Rua das Flores, número dez, lembrava-se bem. A parede azul e branca, os batentes da porta com a forma de cabeças de leões, a chamimé de tijolo sempre a fumegar, as buganvilias vermelhas a espreitar pelo pátio.
Teria a rua ainda aquele velho empedrado, de pedras já gastas e luzidias? Ainda existiriam os mesmos candeeiros de ferro forjado, pendurados dos tectos? E o poço do bispo, ao fundo da rua... ainda alimentaria os canteiros de flores da dona Beatriz, o que seria feito dela?
Os olhos pousaram sobre os rostos da fotografia.
Um par de miúdos traquinas, só isso. Simplesmente, um par de miúdos... um aceno para a fotografia, ela a olhá-lo embevecida, ele despreocupado a posar para o fotógrafo casual.
Era inverno, ainda se cantavam as janeiras.
Ele chamava-se Bernardo, ela Alzira.
Ele brincava com carrinhos de madeira, heróis de papelão, bolas e fisgas de atirar aos pombos. Ela coleccionava bonecas e vestidos de folhos, andava sempre de vestidos de folhos.
Ele não reparara nela, ele não reparava em nada, para além do seu pequeno mundo de brinquedos, imenso quando se tem dez anos. Ela – Alzira – decidira sossegar aquele cantinho do coração que batia mais forte, sempre que ele se voltava para trás, nos bancos da escola. E perguntara-lhe simplesmente – Posso ir brincar contigo, depois da escola?
Pousou o album de fotografias e ajeitou os óculos. Ardia-lhe a vista, de cada vez que tentava destrinçar melhor os pequenos pormenores das fotografias – talvez por isso já a incomodava o tricot, coisa tão miudinha.
Um leve assobiar desviou-lhe o olhar.
- És muito teimoso, Bernardo, hás-de ser sempre teimoso... – e ajeitou-lhe melhor o cobertor sobre o peito. Mas o ressonar persistiu, aquele assobiar baixinho que ela já conhecia de há muito.
Quanto tempo se passara entretanto, desde aquela fotografia?
Sessenta anos?

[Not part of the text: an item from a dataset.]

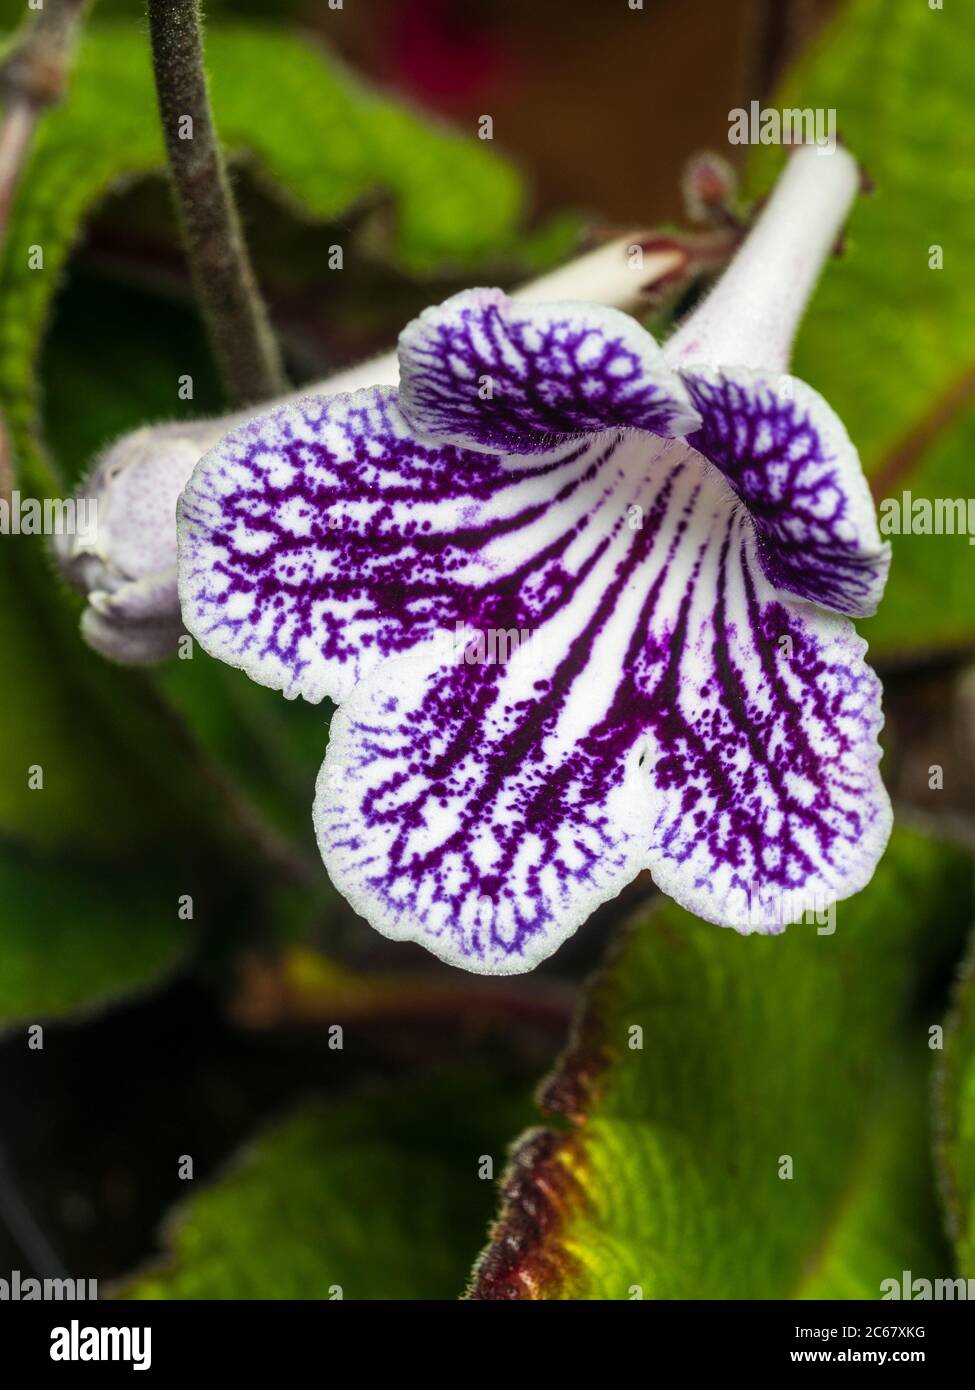 Netzlilafarben und weiße Markierungen auf der Sommerblume der immergrünen Zimmerpflanze, Streptocarpus 'Polka Dot Purple' Stockfoto
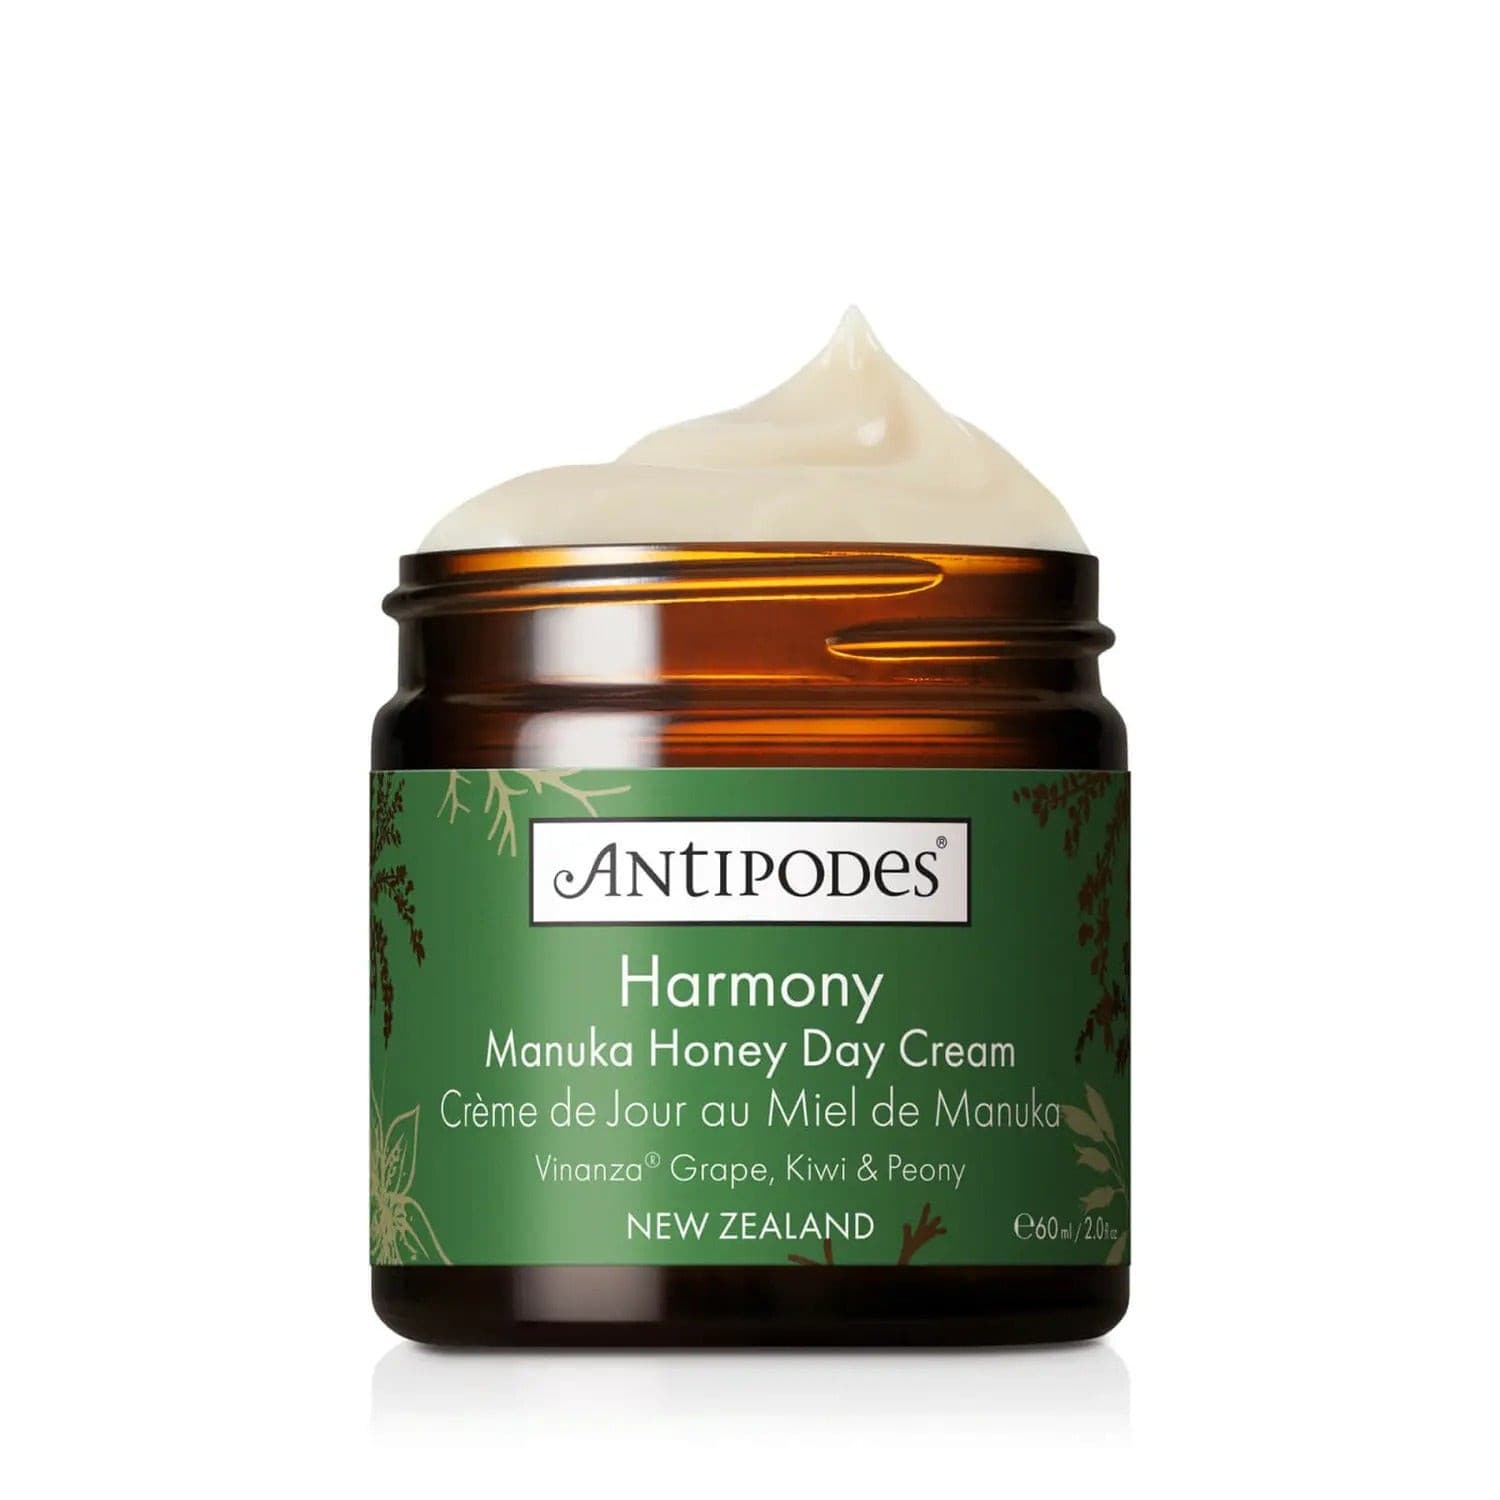 Antipodes Harmony Manuka Honey Day Cream 60ml.

Talvez mais.
O fotógrafo ocasional, o tio do Bernardo, já falecera há muito, oferecera-lhe aquela fotografia num dia de aniversário, numa das suas visitas à aldeia.
Fora a primeira fotografia dos dois juntos, muito antes de todas as outras.
Sorriu, embevecida, a olhar para ele, como naquela mesma fotografia.
Como era lindo, mesmo a dormir, o seu Bernardo...
Olá Rolando
O carinho que transparece em toda a história é deveras enternecedor.
Penso que não haverá ninguém que não deseje para a sua vida uma história de amor e cumplicidade, como a que tão bem descreves aqui.
Adorei!
Bom feriado para ti.
Beijos
Manu
Ps: Já chove a Oeste
Olá, Manu...
Inspirei-me na fotografia do João, é verdade. Pensando sempre que aquele olhar pudesse eternizar-se no tempo..
Beijos.
Rolando
( Aqui a chuva aproxima-se a passos largos )
Que encanto! Que ternura! É bonito quando os sonhos se cumprem...beijinhos.
Oi, Paula...
Tão cedo, num feriado... já a navegar na Net?
Sonhos? É verdade... é bom quando os conseguimos cumprir... e temos que lutar por eles, persegui-los... persegui-los sem descanso...
Beijos.
Bom feriado de descanso para ti.
Rolando
De
Antonio a 5 de Outubro de 2009 às 13:39
Legal.
Beijos,
De
Eduardo a 5 de Outubro de 2009 às 19:06
Boa parceria! Ótimo post, !
Olá, Eduardo
Prazer em ver-te por cá. É verdade, o João gentilmente cedeu-me aquela foto, que tanto me chamara a atenção e pronto... olha, aí está o resultado.
Um abraço.
Rolando
De
luisa a 5 de Outubro de 2009 às 20:00
Estes são sim, laços de ternura que se prolongaram na visão para além do que viam pelos vidros da janela!
todos idealizamos algo parecido...um Bernardo docilmente a dormir, nos mais brancos lençois da casa, na mais fresca cama de muitos anos.
Belo!
Olá, Luisa...
O tempo, quando consegue envelhecer ao mesmo tempo que nós... creio que nos brinda com estas pequenas coisas, não é?
Obrigado por teres divagado por aqui...
Beijos
Rolando
Há Rolando... como é bela a vida quando os sonhos se cumprem....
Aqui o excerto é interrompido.